◆ **What you will do**:
Would you transcribe the listing that follows word for word, skipping pictures?

◆ **Data segment**:
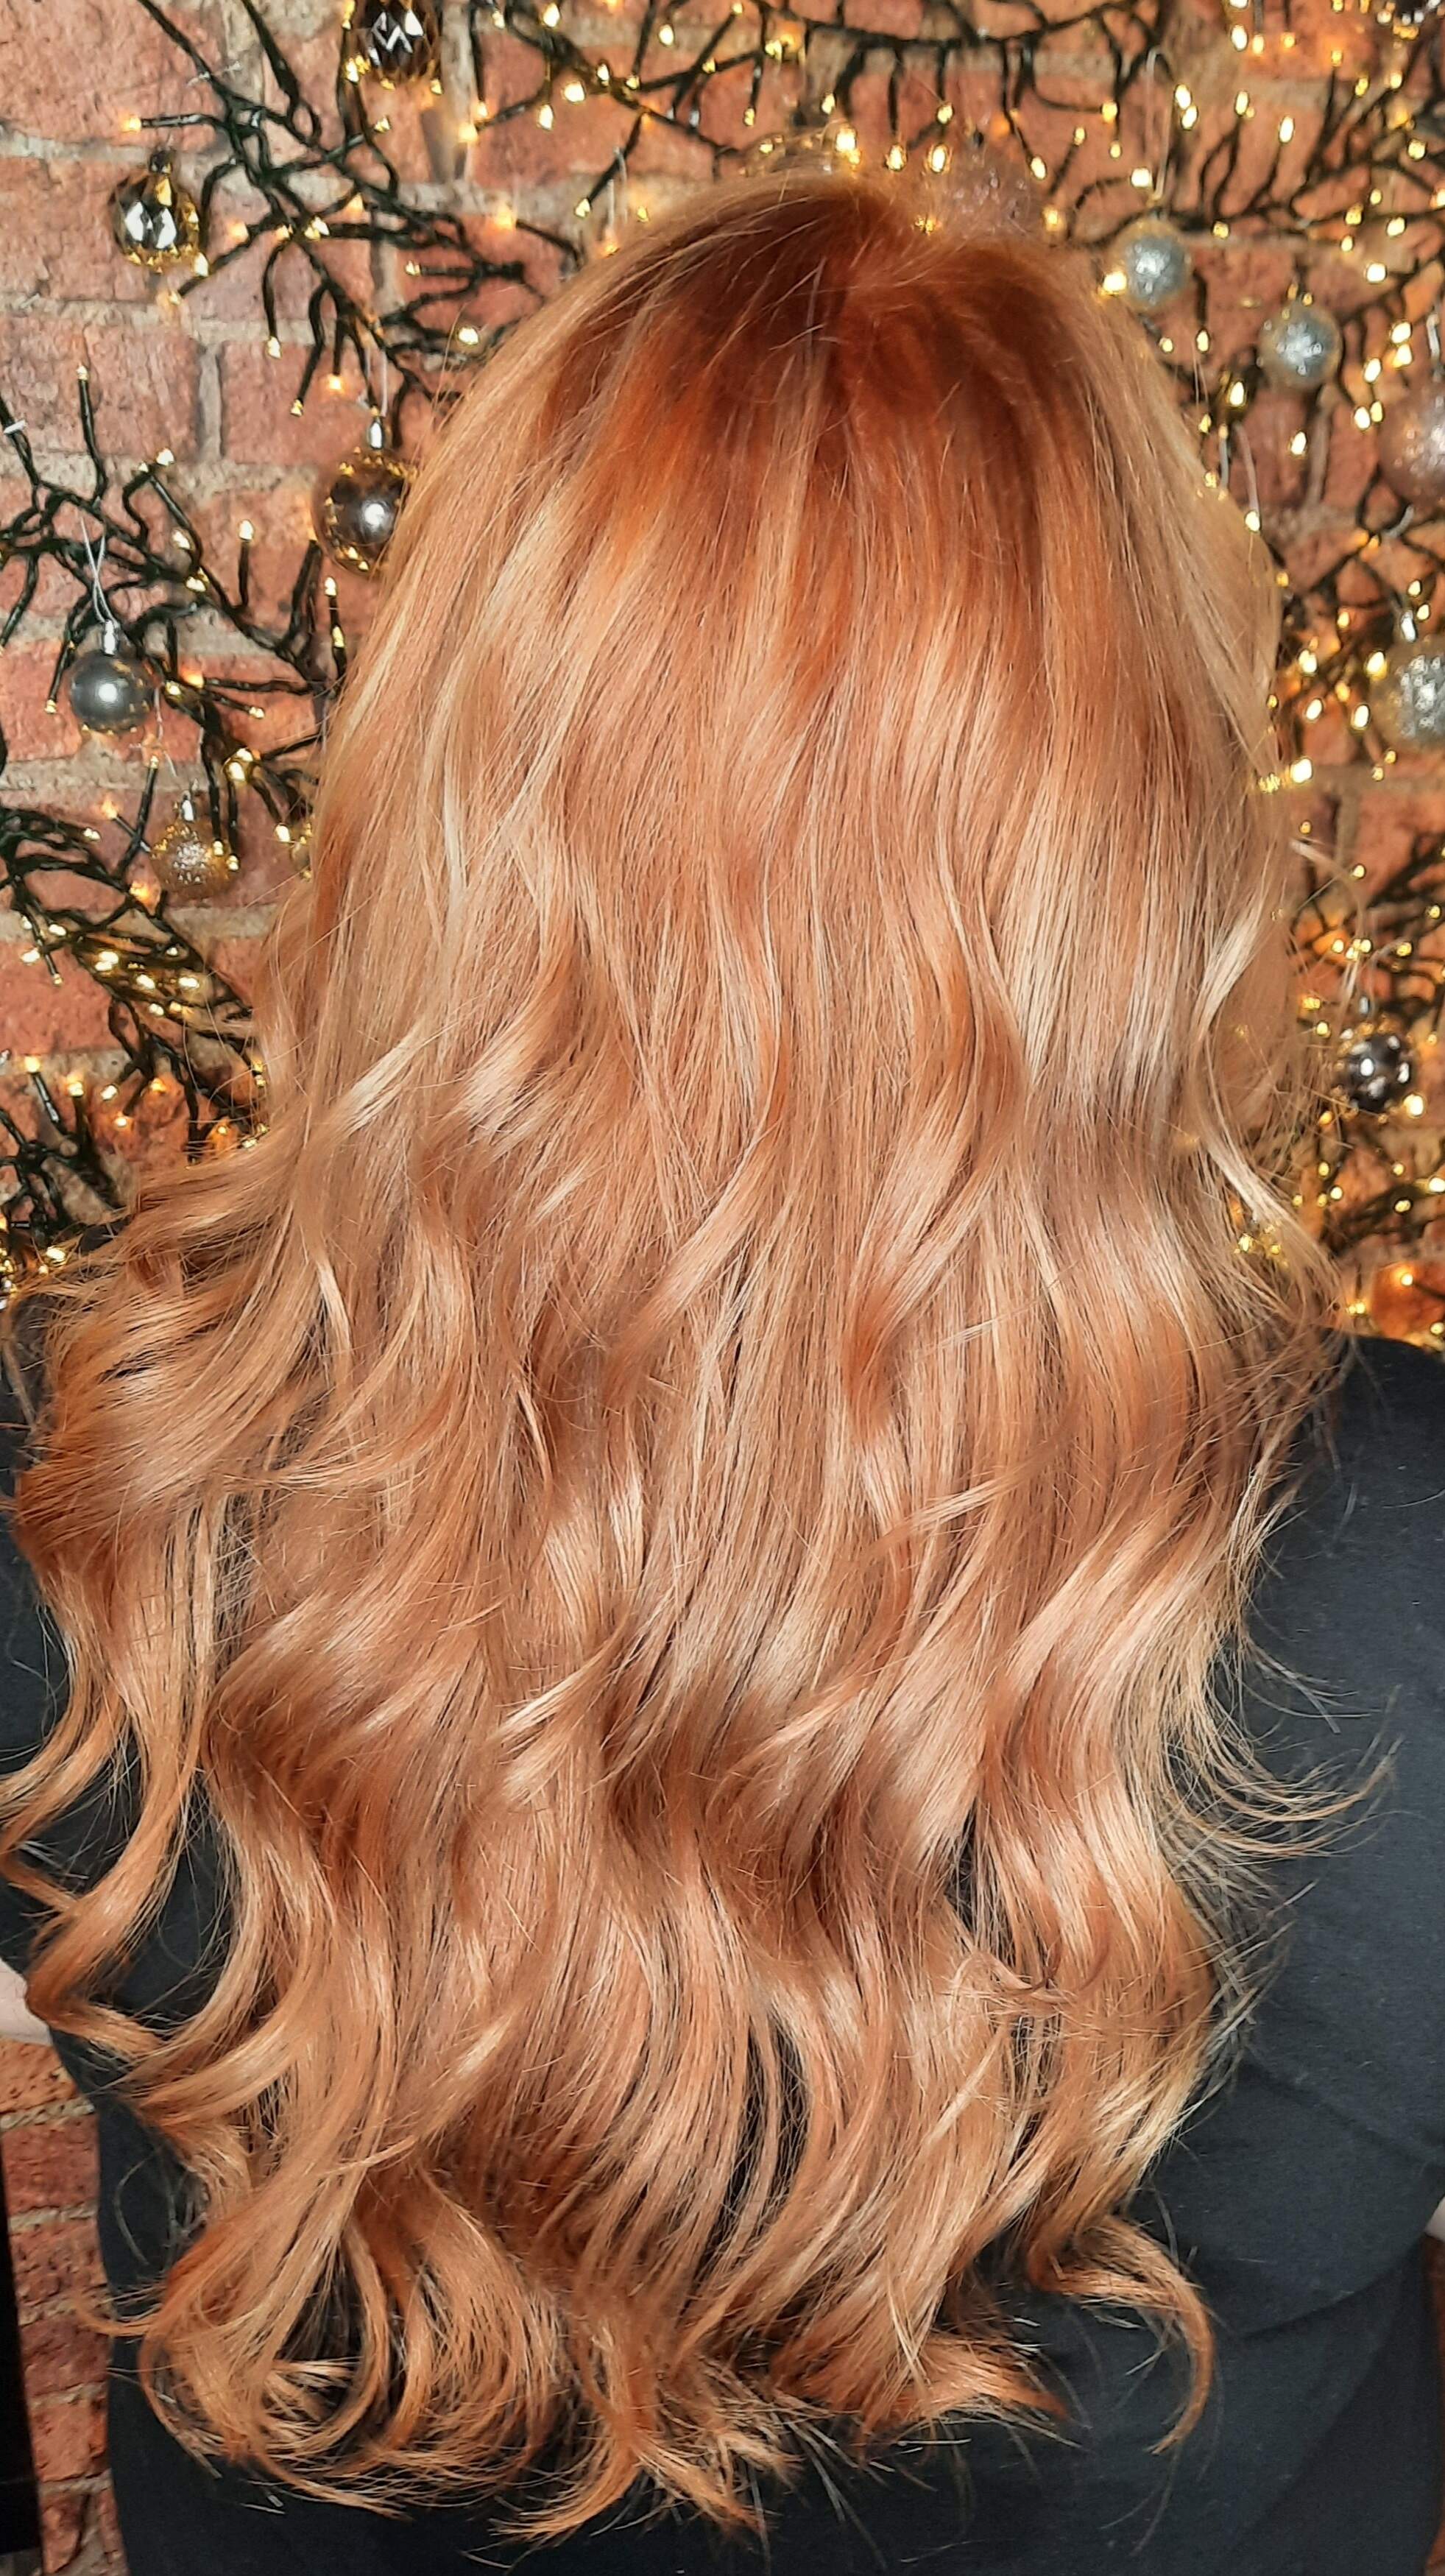 Using Copper Blonde all over with Baby Lights of Blonde to give definition
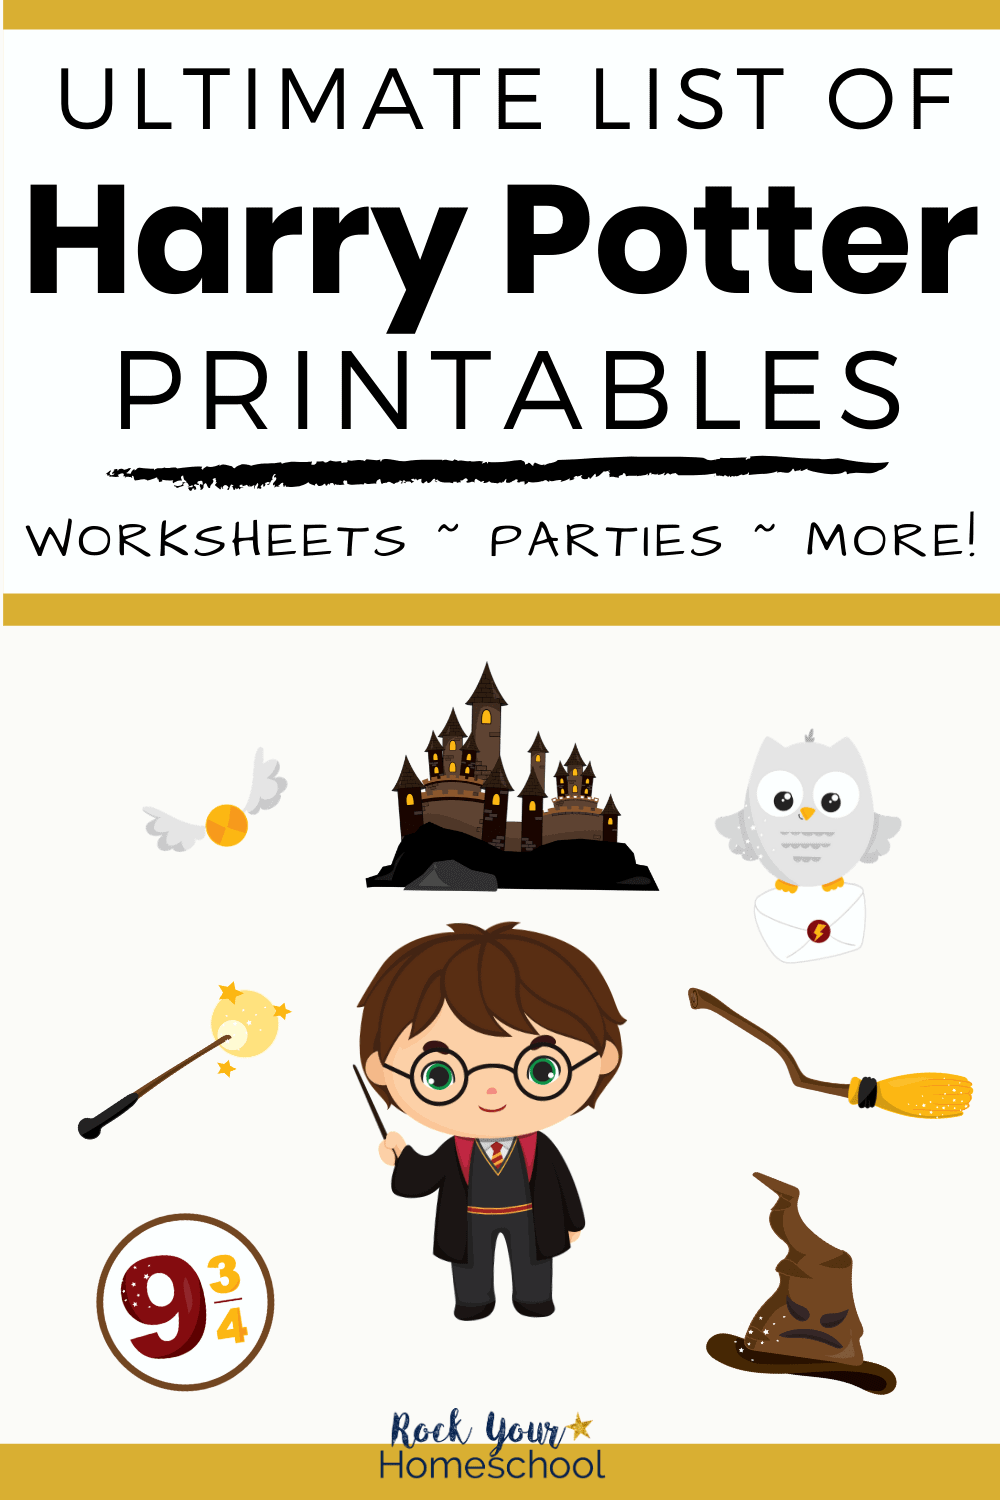 Harry Potter Inspired Printables (Free): Mega List for Magical Fun
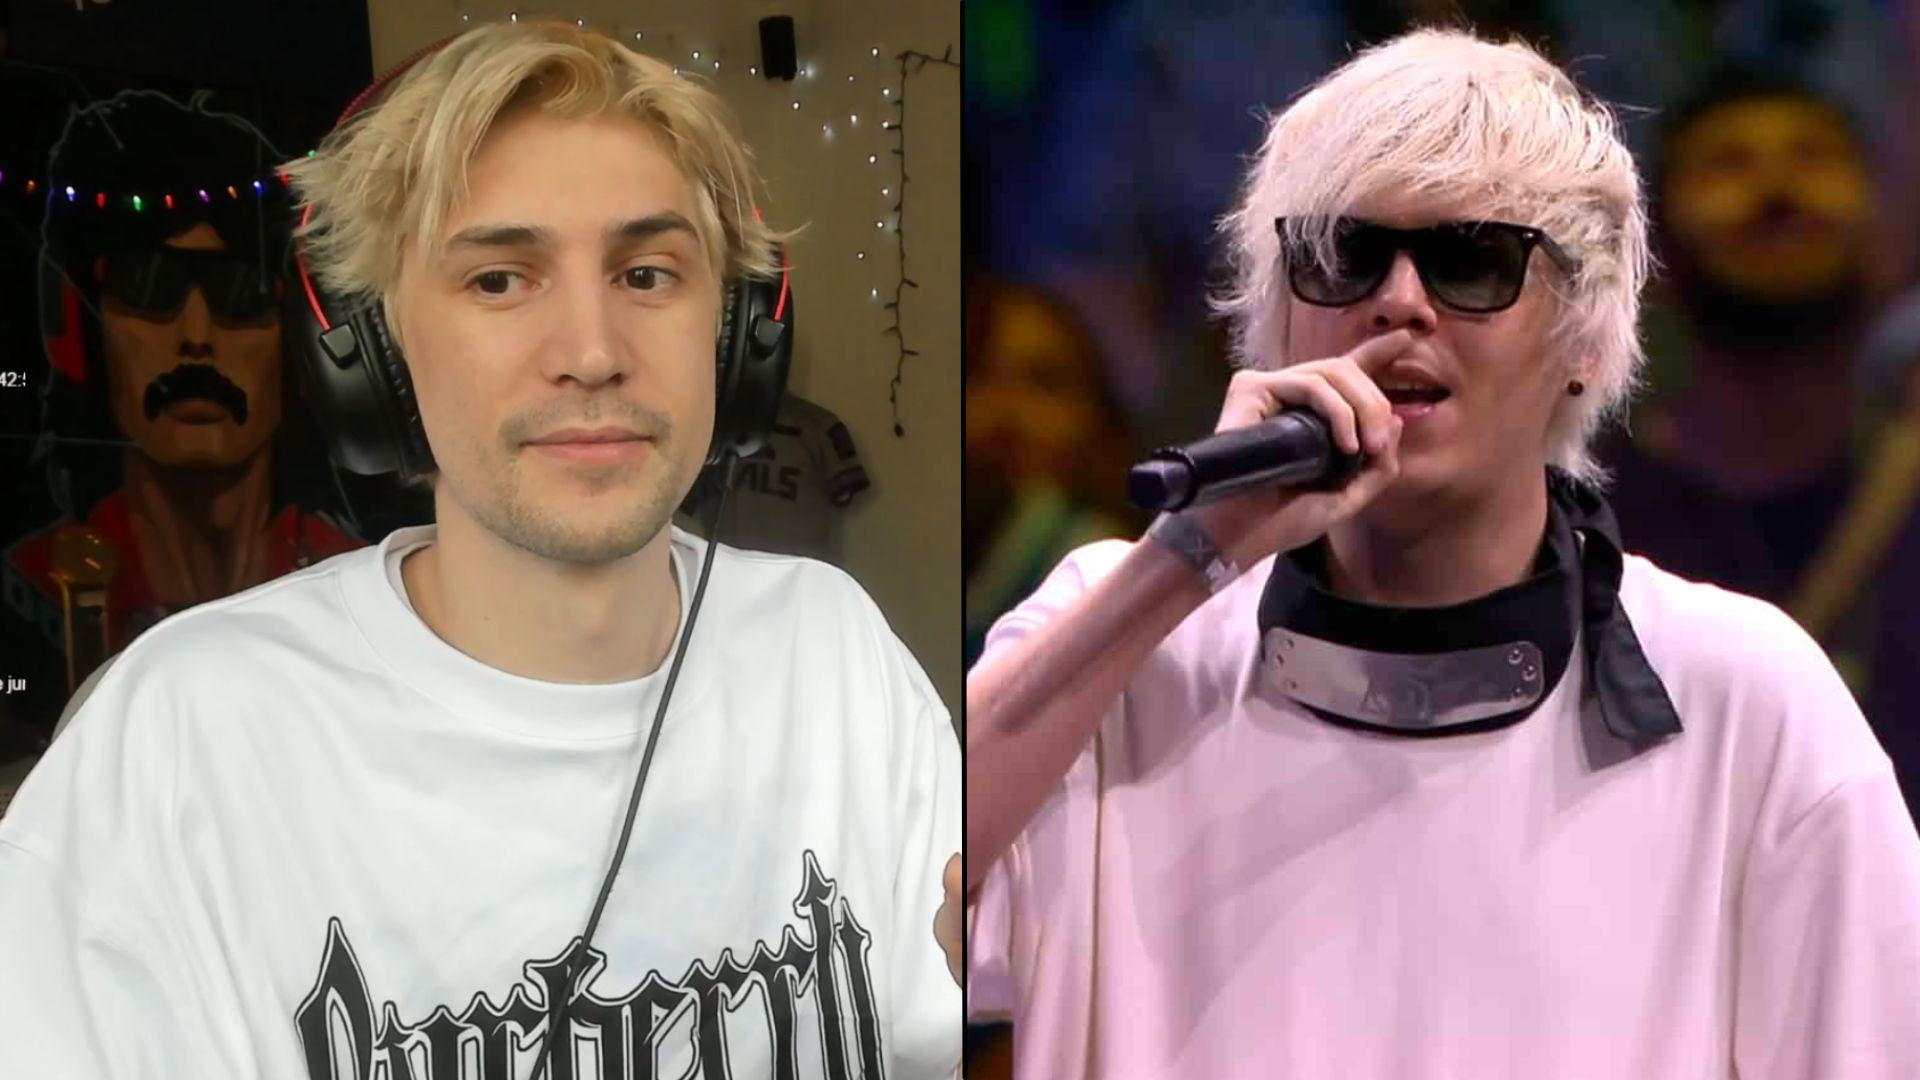 xQc and Rubius side by side in white t-shirts talking to camera

◆ **Answer below**:
 Using Copper Blonde all over with Baby Lights of Blonde to give definition
 Harry Potter Inspired Printables (Free): Mega List for Magical Fun
 xQc and Rubius side by side in white t-shirts talking to camera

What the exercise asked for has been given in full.